Given records:
==============================

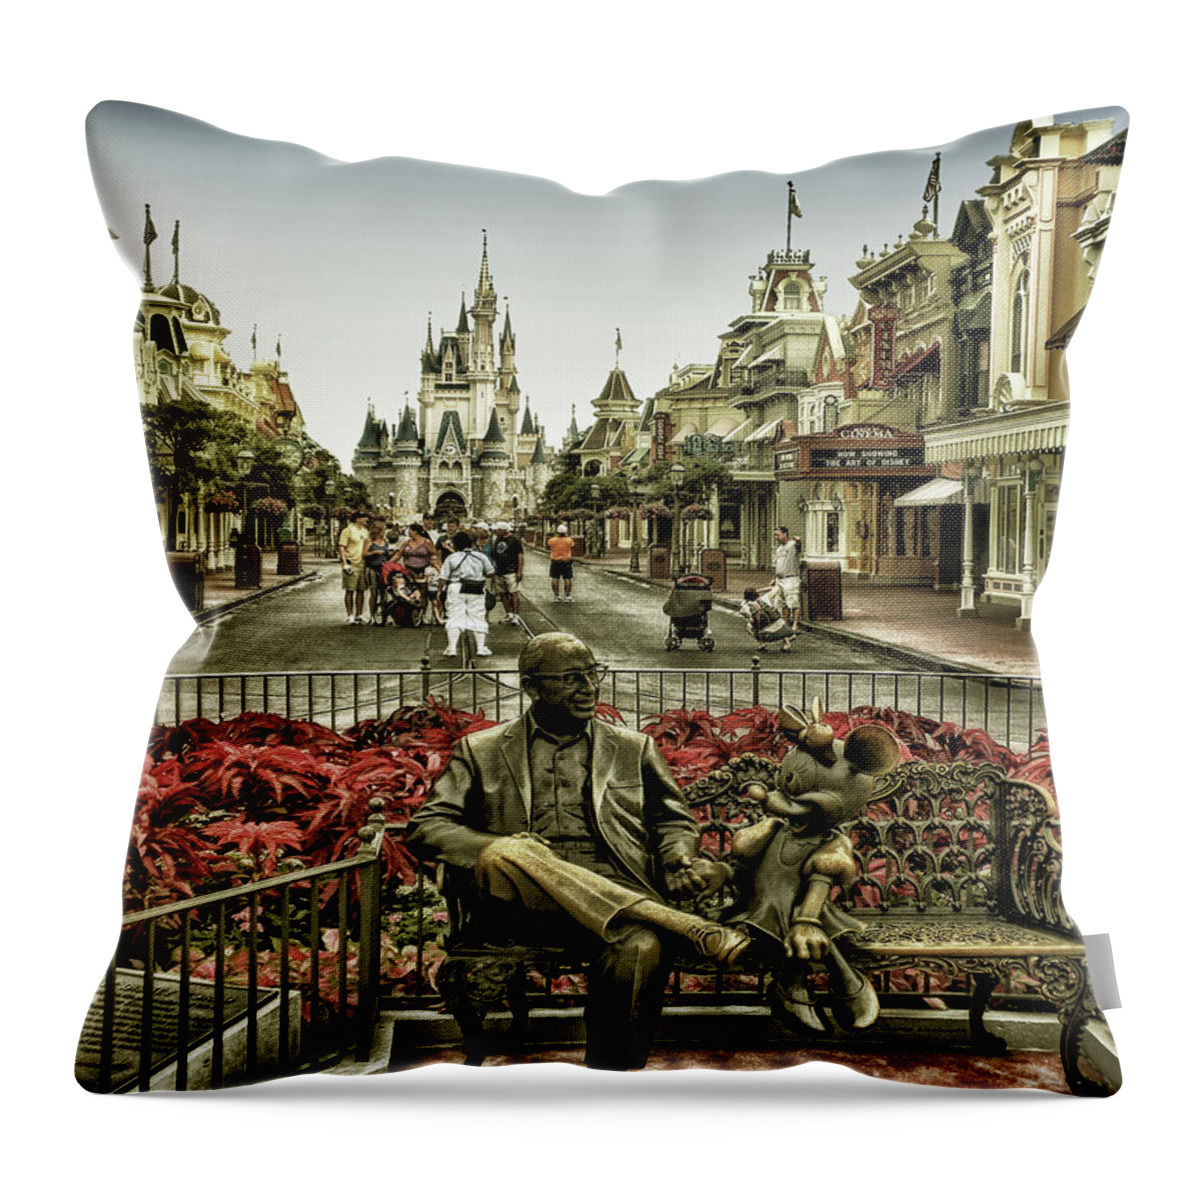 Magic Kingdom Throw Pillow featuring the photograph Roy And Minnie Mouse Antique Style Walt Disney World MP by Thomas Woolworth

==============================

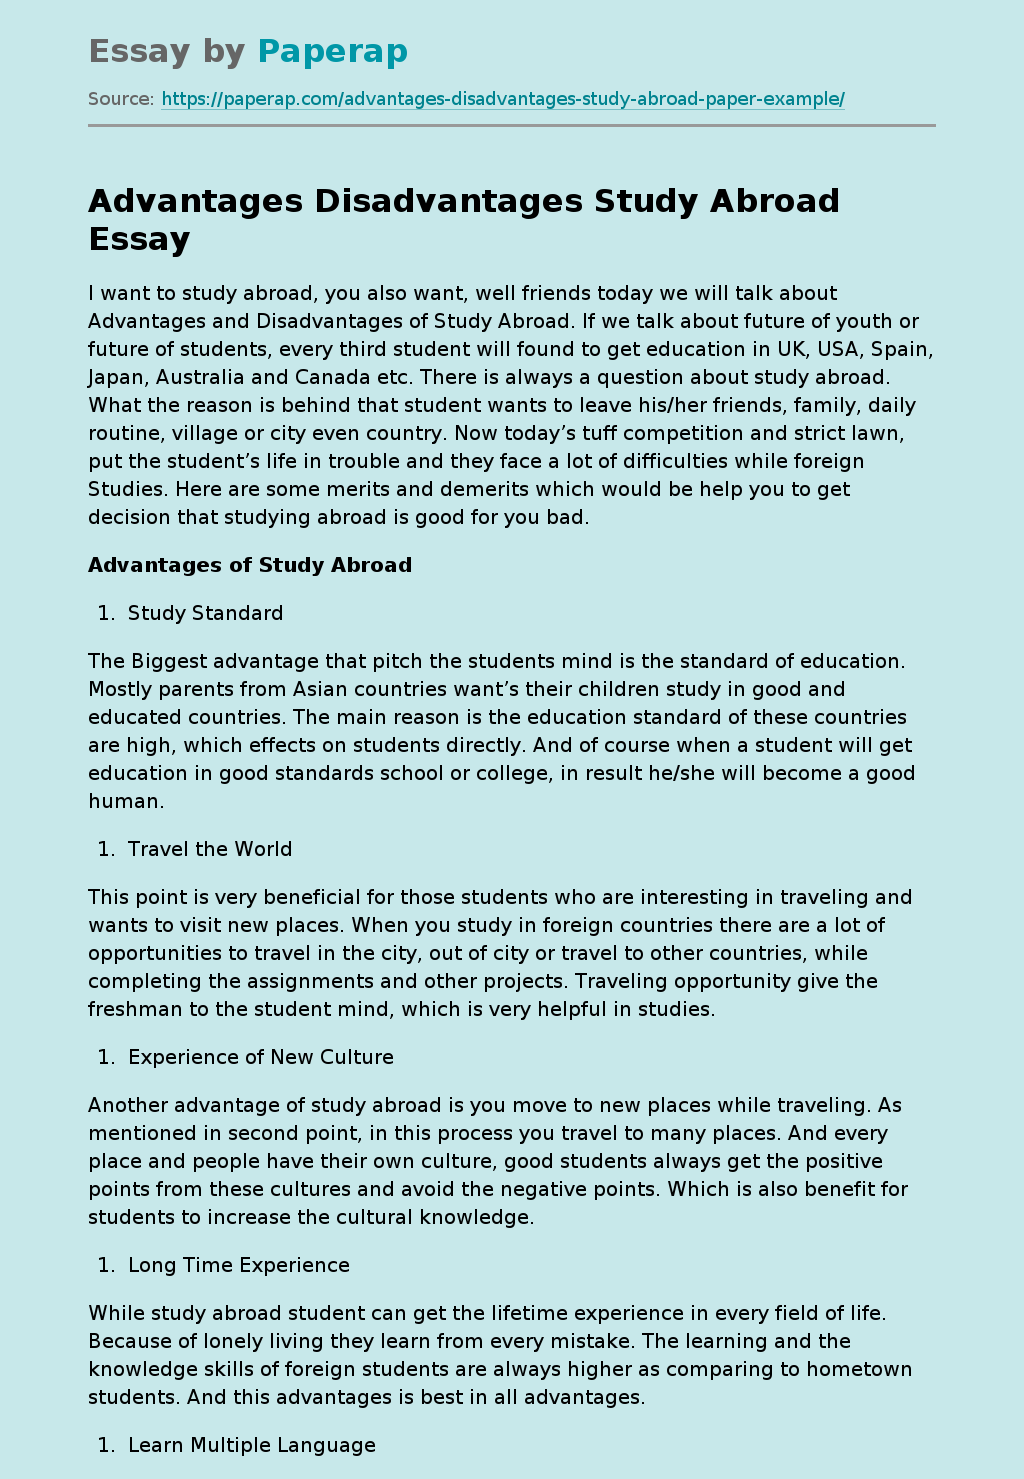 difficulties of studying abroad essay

==============================

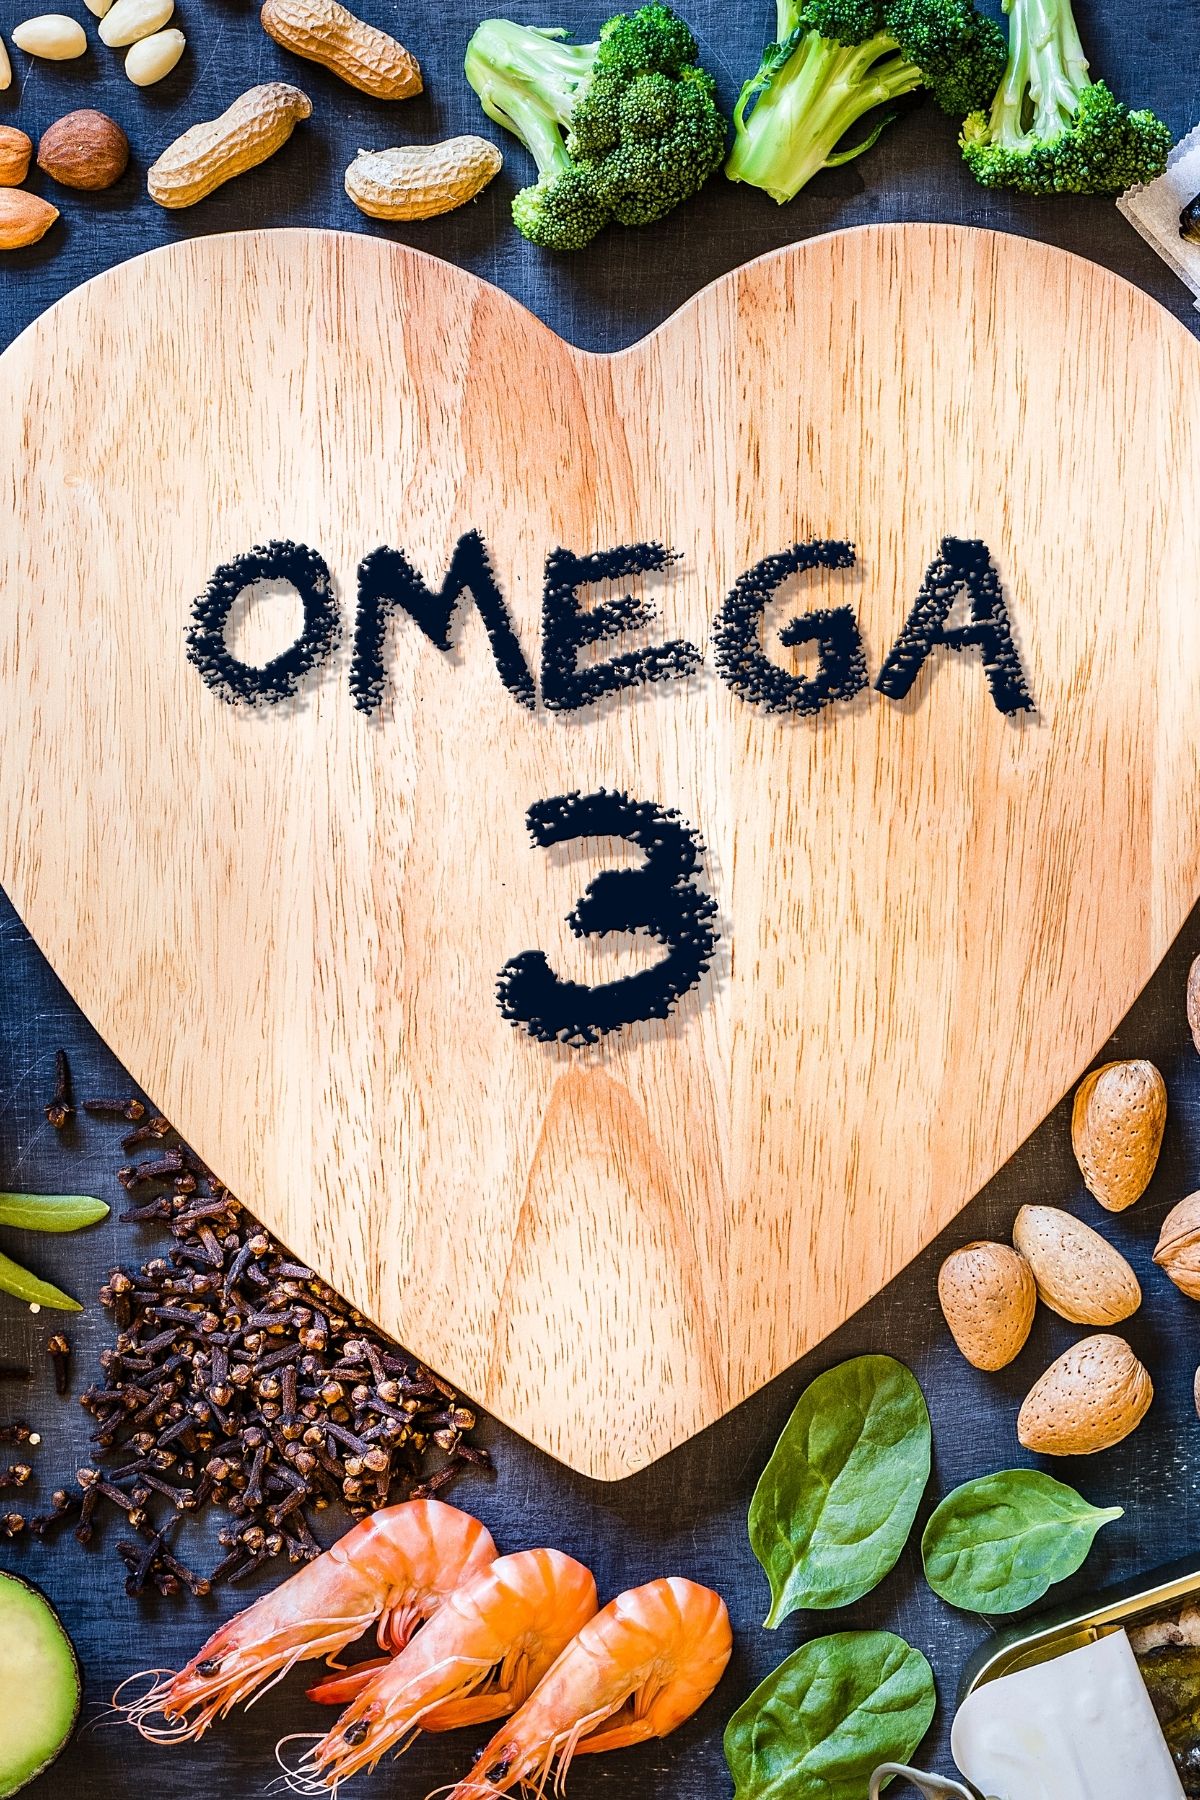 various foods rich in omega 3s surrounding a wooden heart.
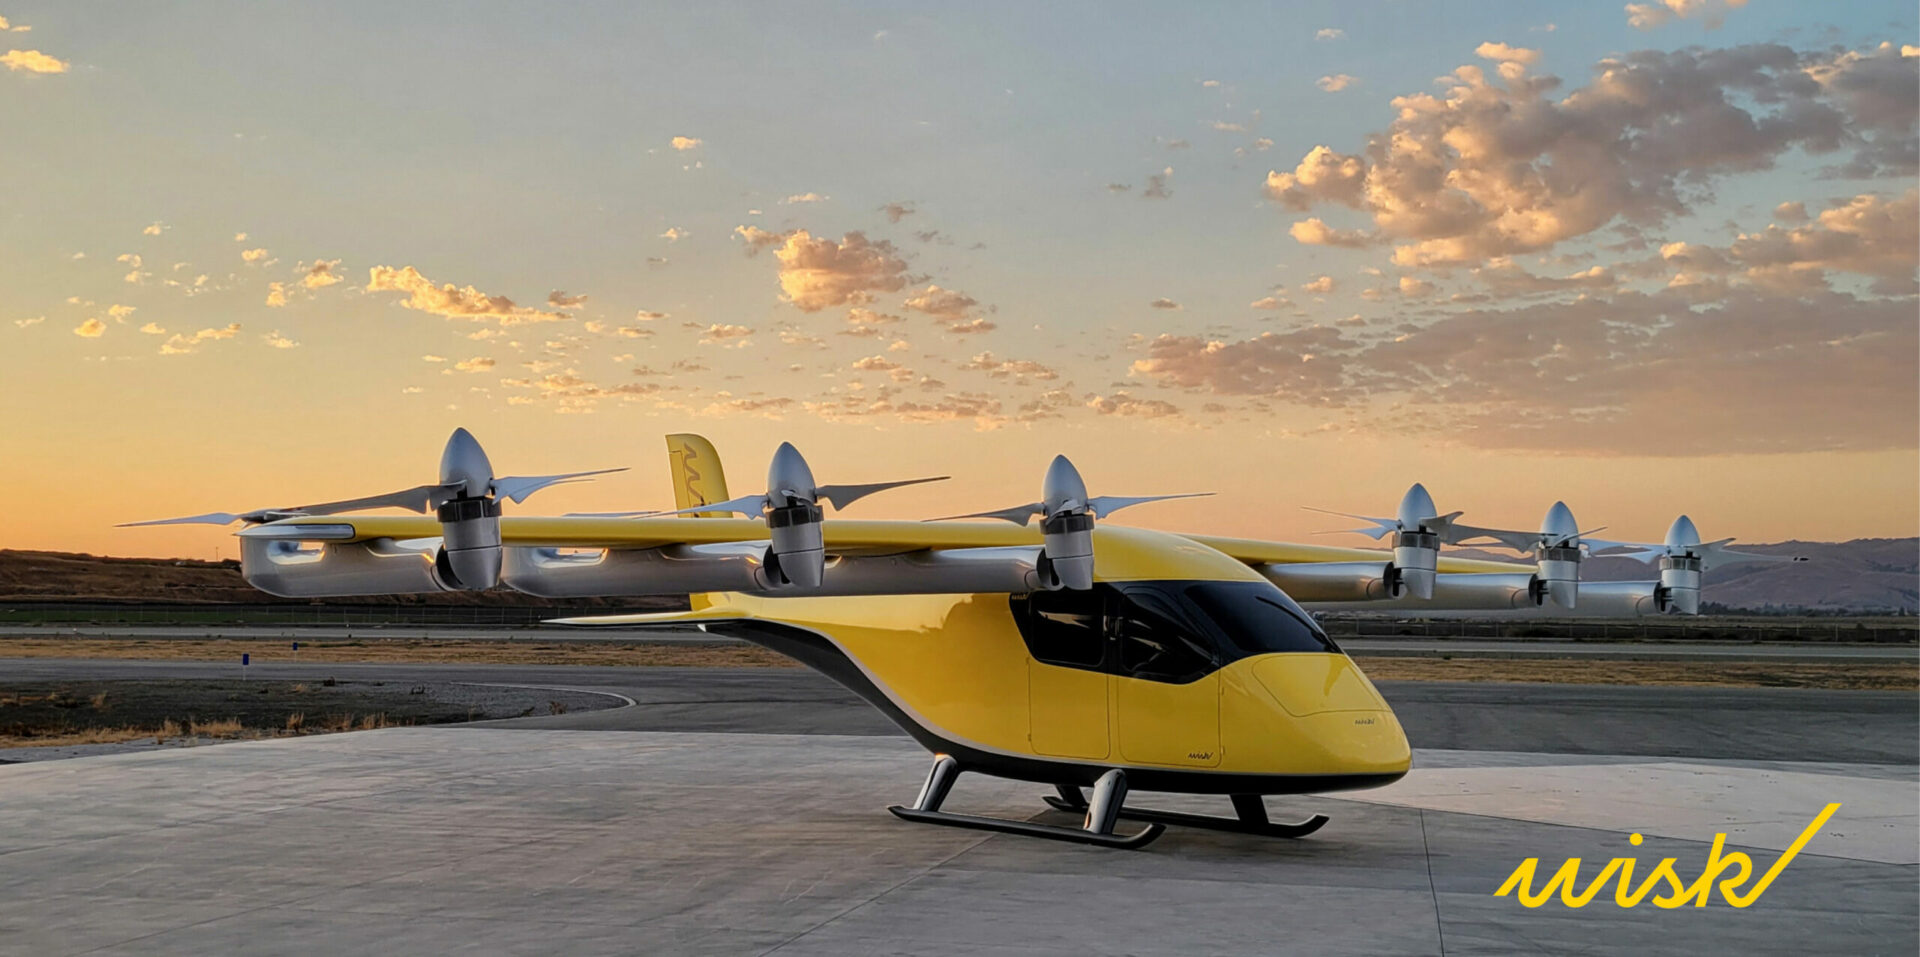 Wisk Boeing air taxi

==============================

With the pictures omitted, print the lines above exactly, beginning at the line with "various foods rich" and going on through the line with "Wisk Boeing air taxi".

 various foods rich in omega 3s surrounding a wooden heart.
 Wisk Boeing air taxi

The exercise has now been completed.